§ Data extract
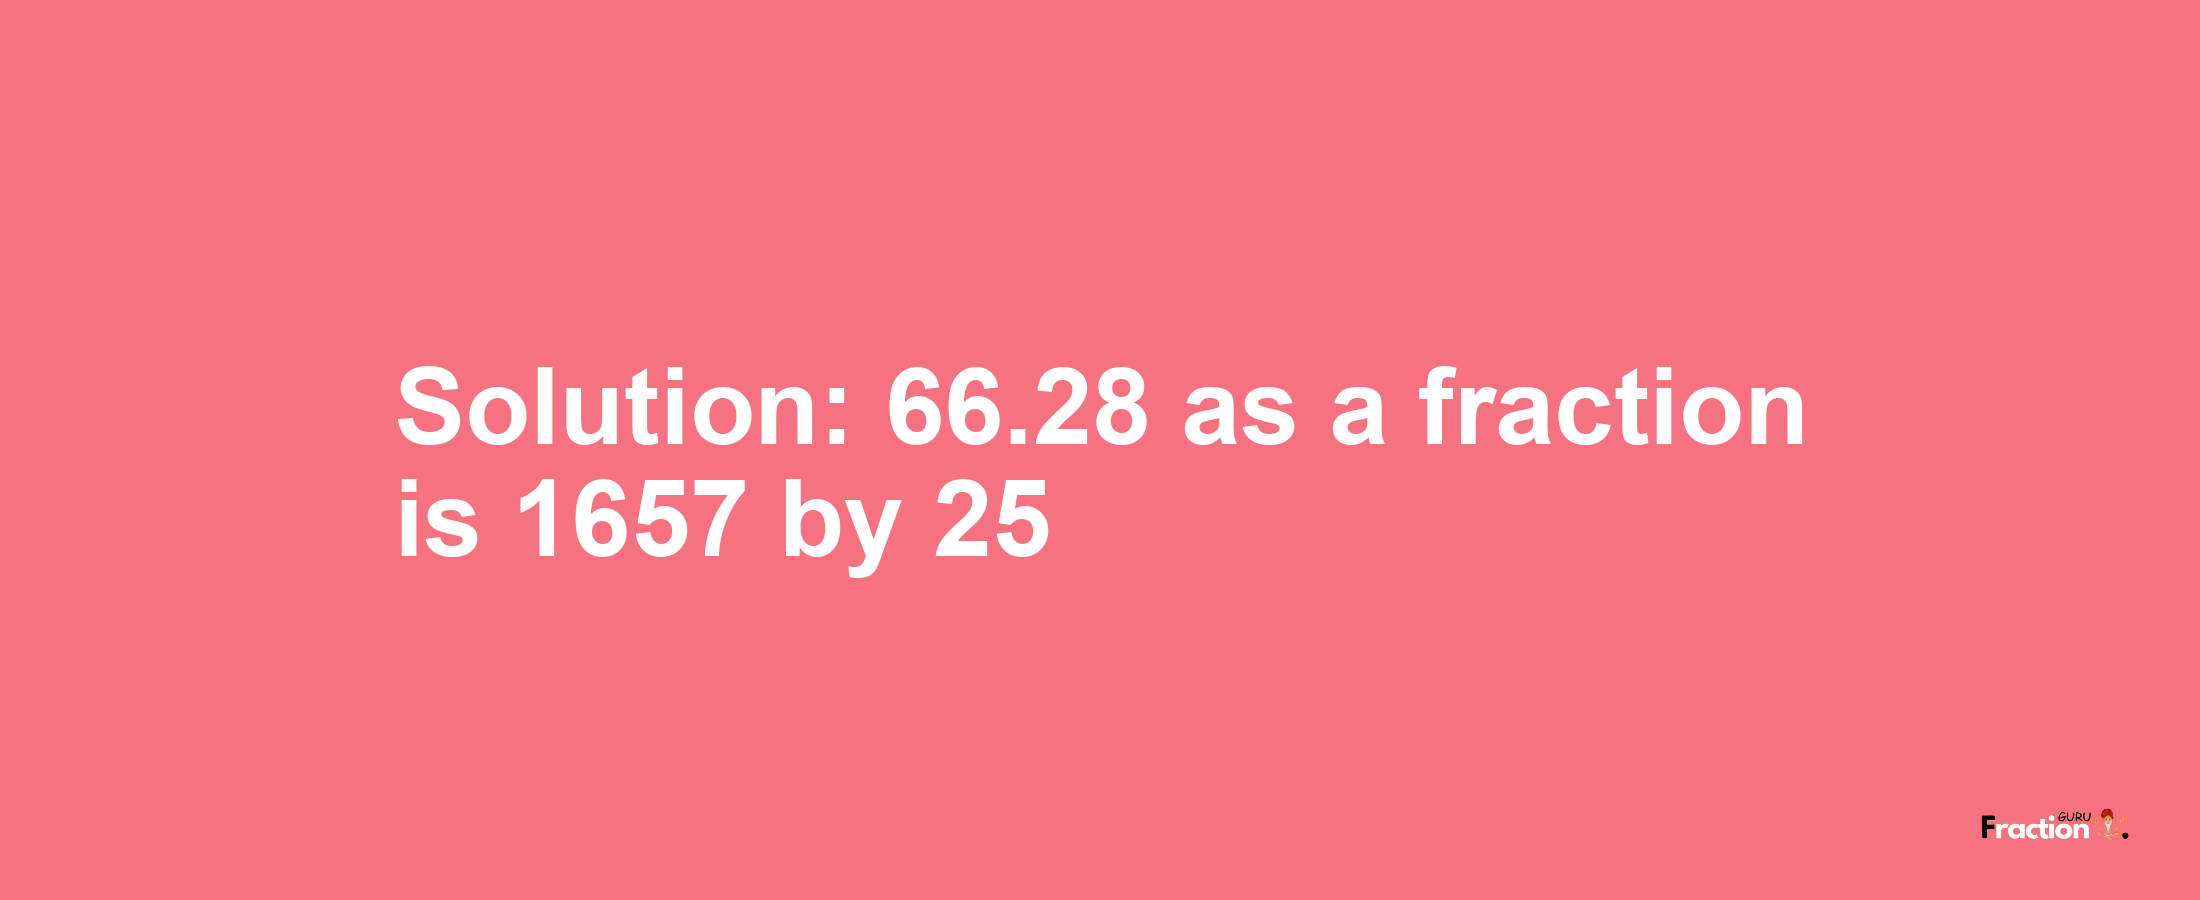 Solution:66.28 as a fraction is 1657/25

---

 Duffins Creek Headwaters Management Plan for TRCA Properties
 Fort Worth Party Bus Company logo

---

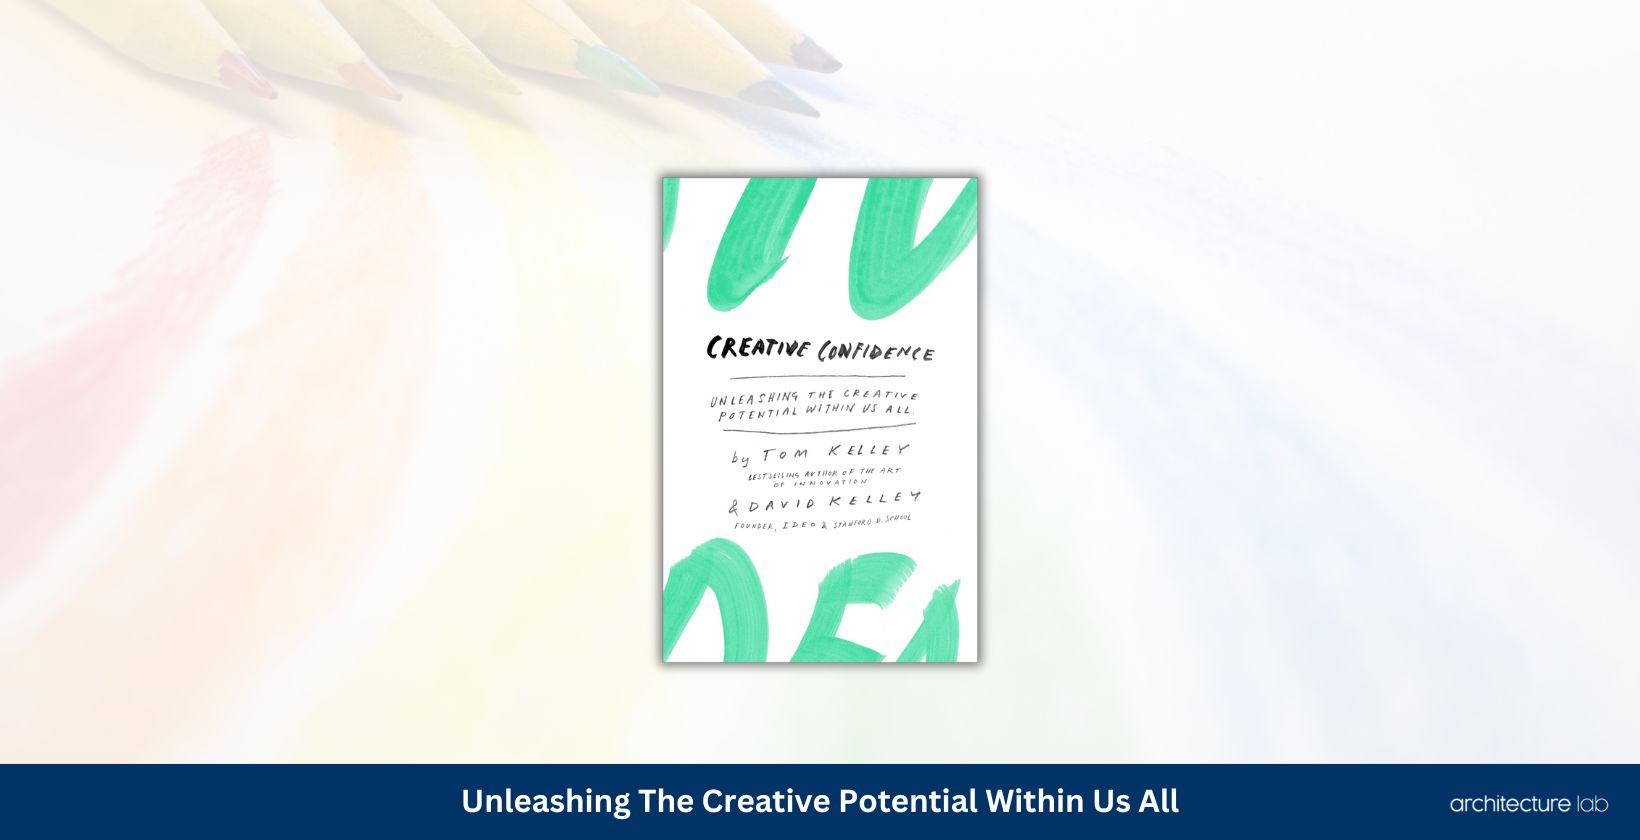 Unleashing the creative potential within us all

§ About this exercise
Given the data above, transcribe exactly the lines from the one containing "Duffins Creek Headwaters" down to the one containing "Fort Worth Party Bus Company logo", and no others.

§ Your solution
 Duffins Creek Headwaters Management Plan for TRCA Properties
 Fort Worth Party Bus Company logo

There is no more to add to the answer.